Another topic that we wanted to know your opinions about was comparing virtual concerts to live shows. This was the most evenly split topic between support and disagreement. Perhaps people are becoming acclimated to technology and enjoy watching shows in their own comfort. The crowd thought that the demand for a hybrid of virtual and physical shows will continue to emerge.

Finally, we wanted you to weigh in on who you think is the biggest style icon in music. This is your chance to tell us how music and fashion are related.

Music debates
Figure 1. The great music debates

Now let’s get into the architecture of the system.
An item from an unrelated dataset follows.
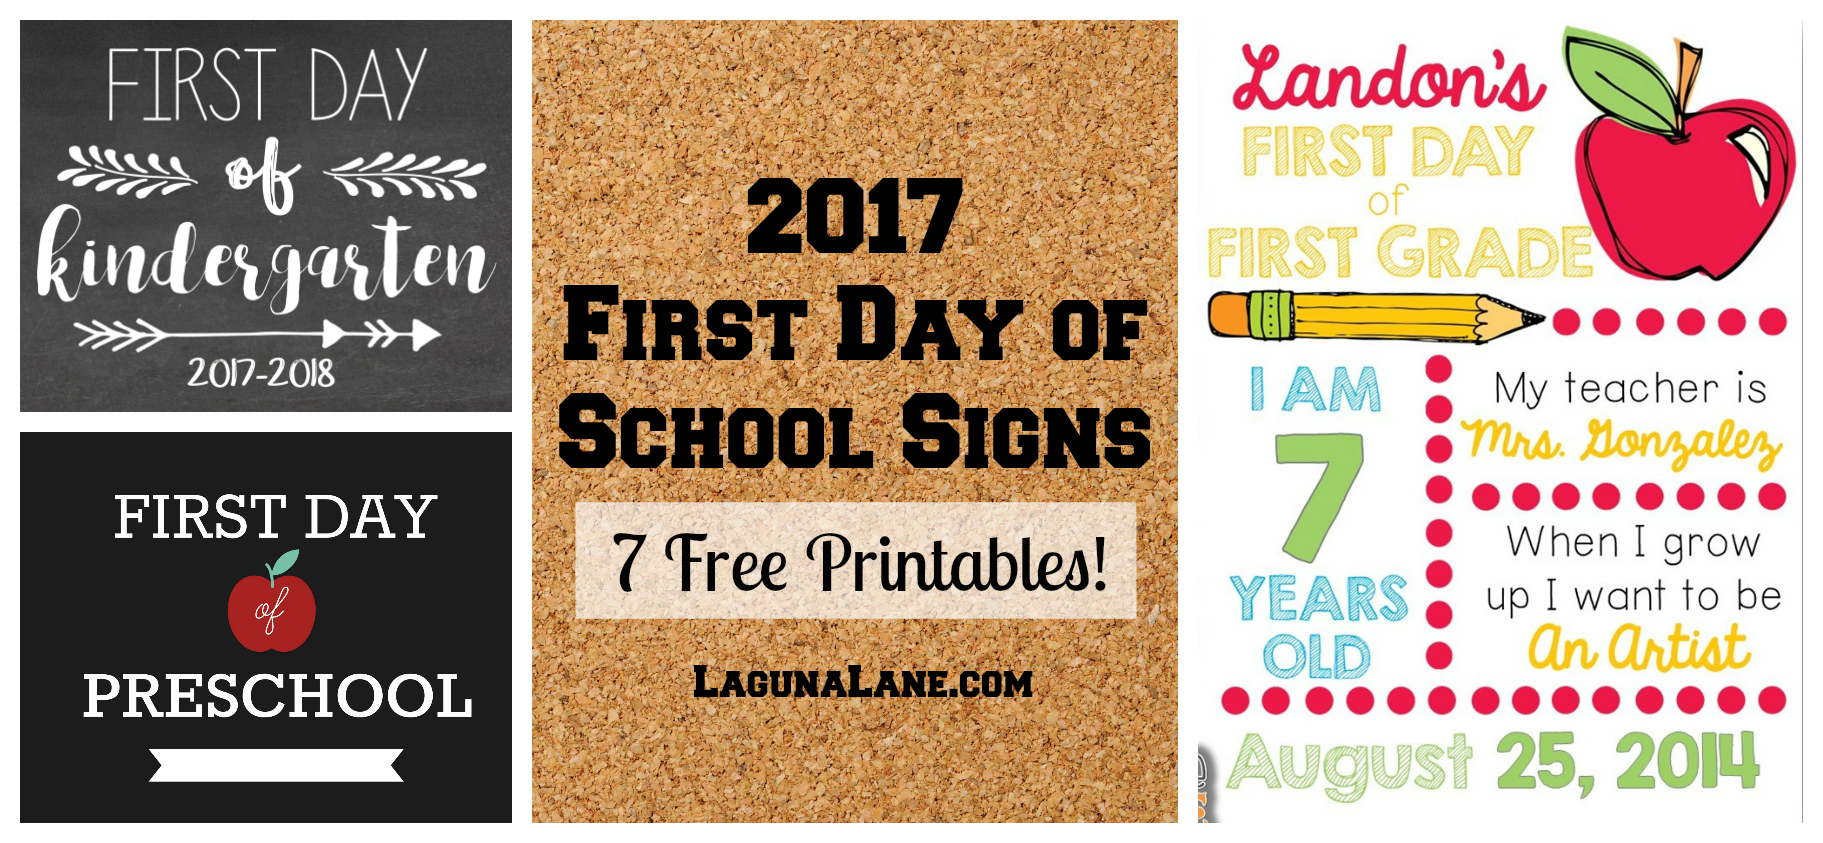 First Day of School Free Printables LagunaLane
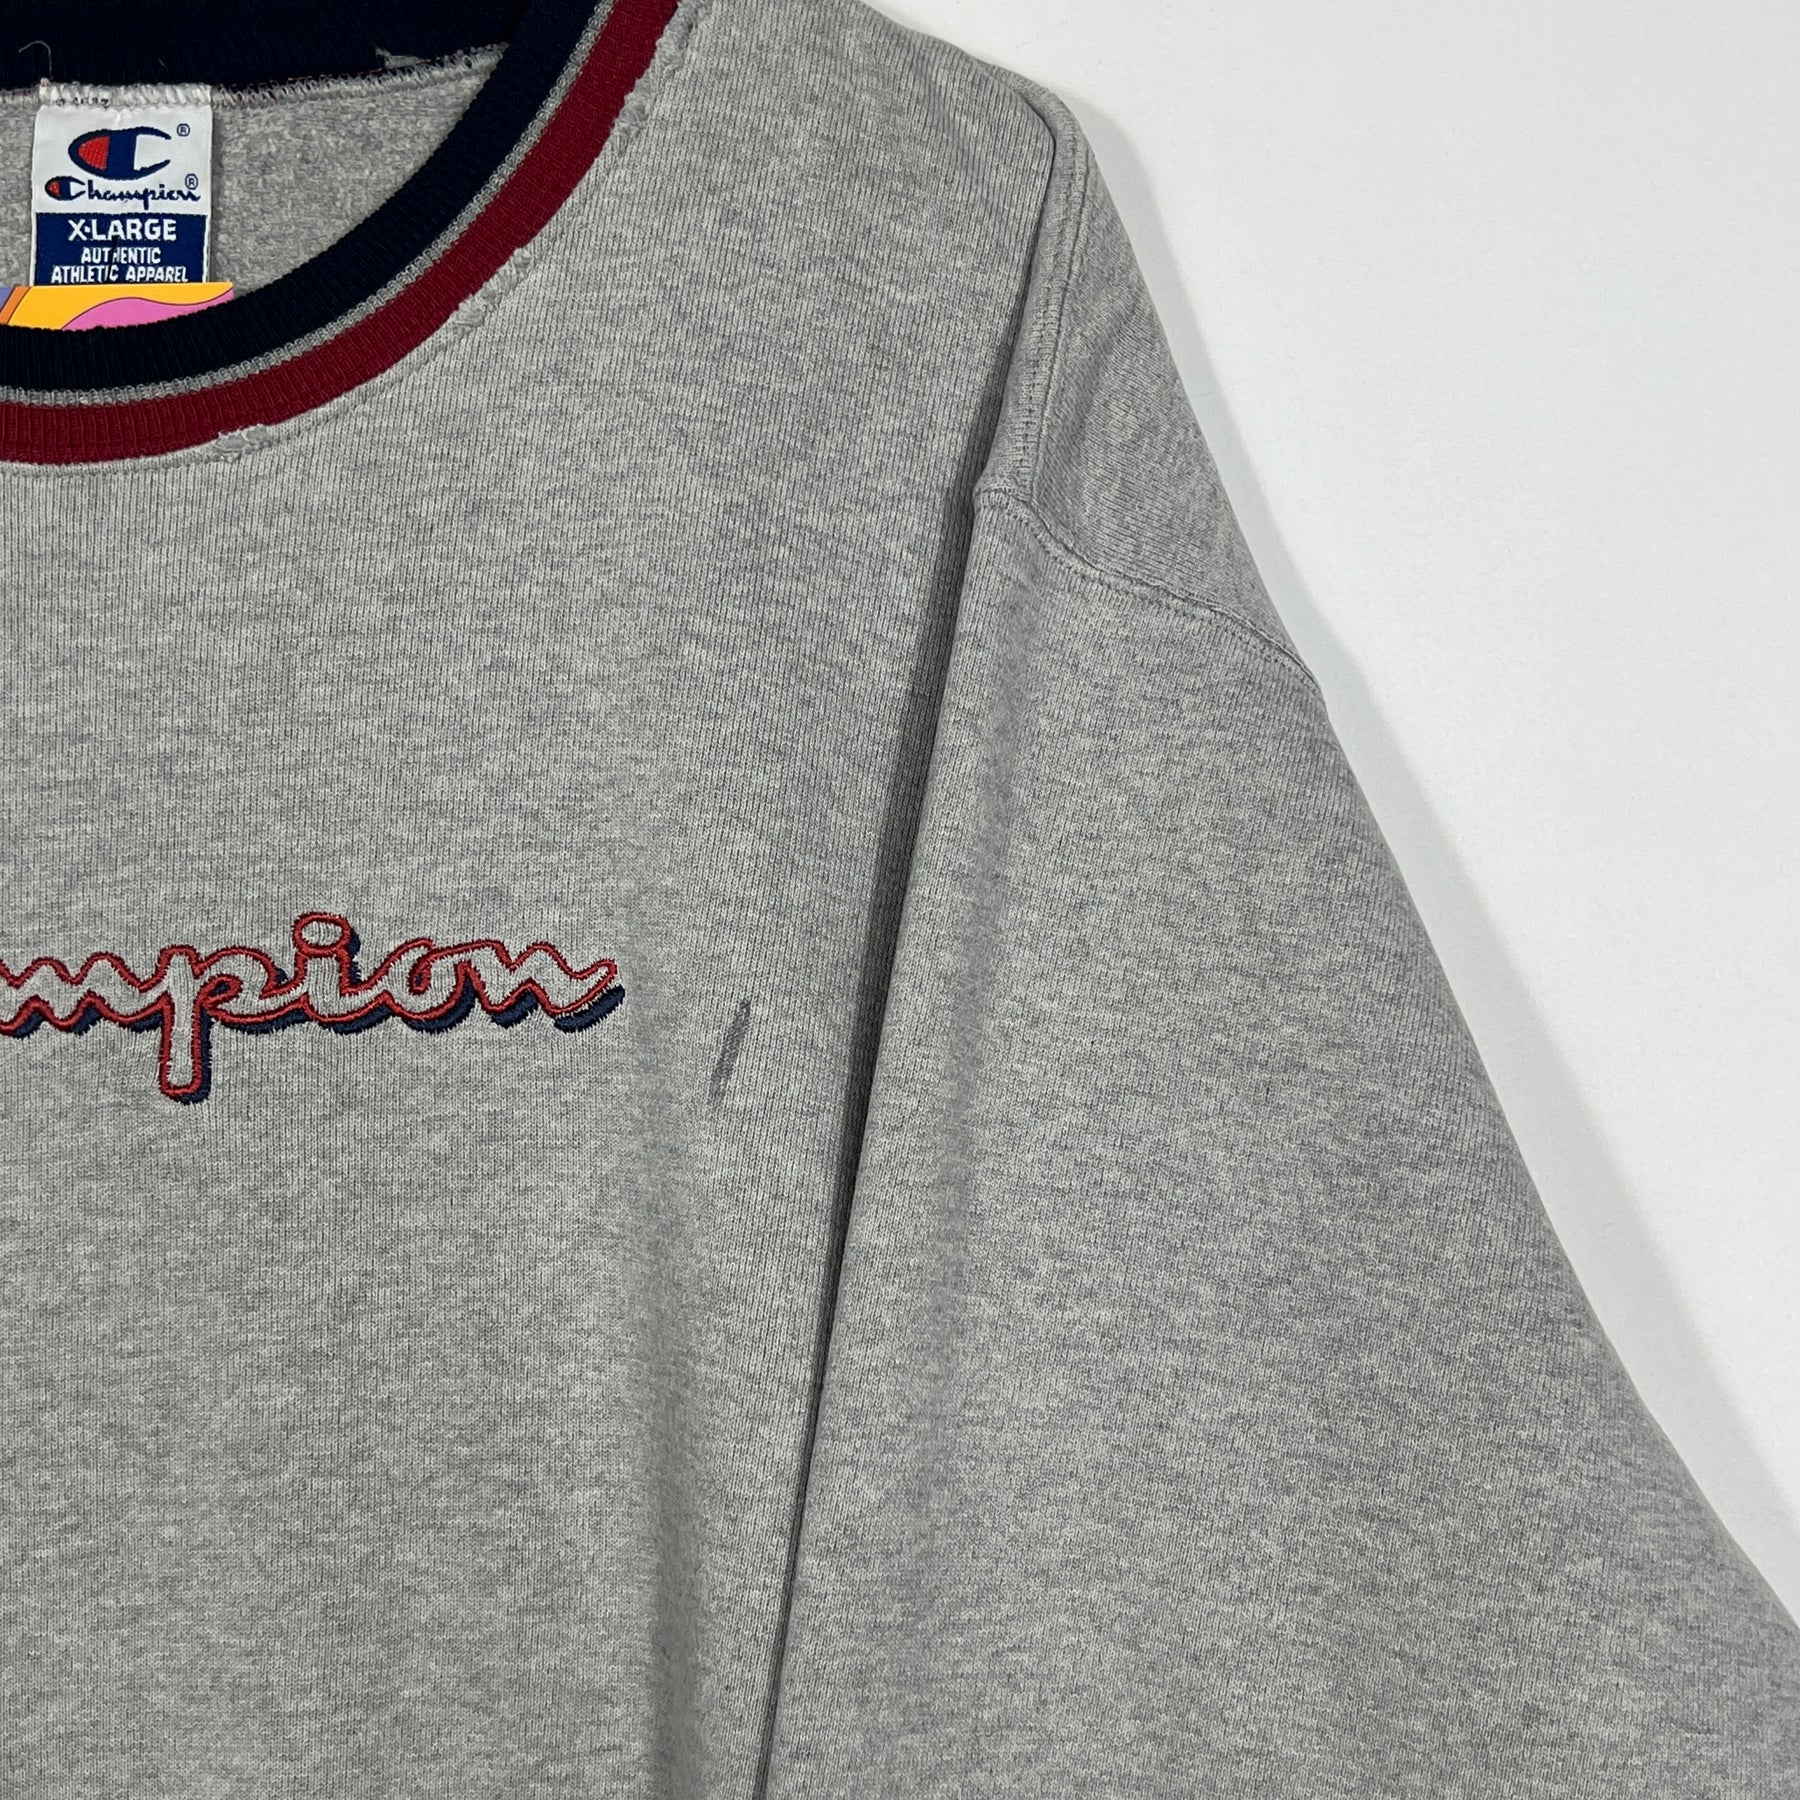 Vintage Champion Spell Out Sweatshirt - Men's XL

GRAMMY Debates with Watson system architecture

Figure 2 shows the overall architecture of the GRAMMY Debates with Watson system. The system runs on a hybrid cloud that consists of IBM Cloud and an IBM Cloud private cloud. Throughout the cloud components, the system is packaged into images that can be run anywhere on top of Red Hat OpenShift that manages Kubernetes clusters. Most of the OpenShift clusters run on IBM Cloud. There are two OpenShift clusters with nine workers each. Each worker has four cores and 16 GB of memory to support our natural language processing workloads. A total of 11 apps are spread evenly across the worker nodes over three regions.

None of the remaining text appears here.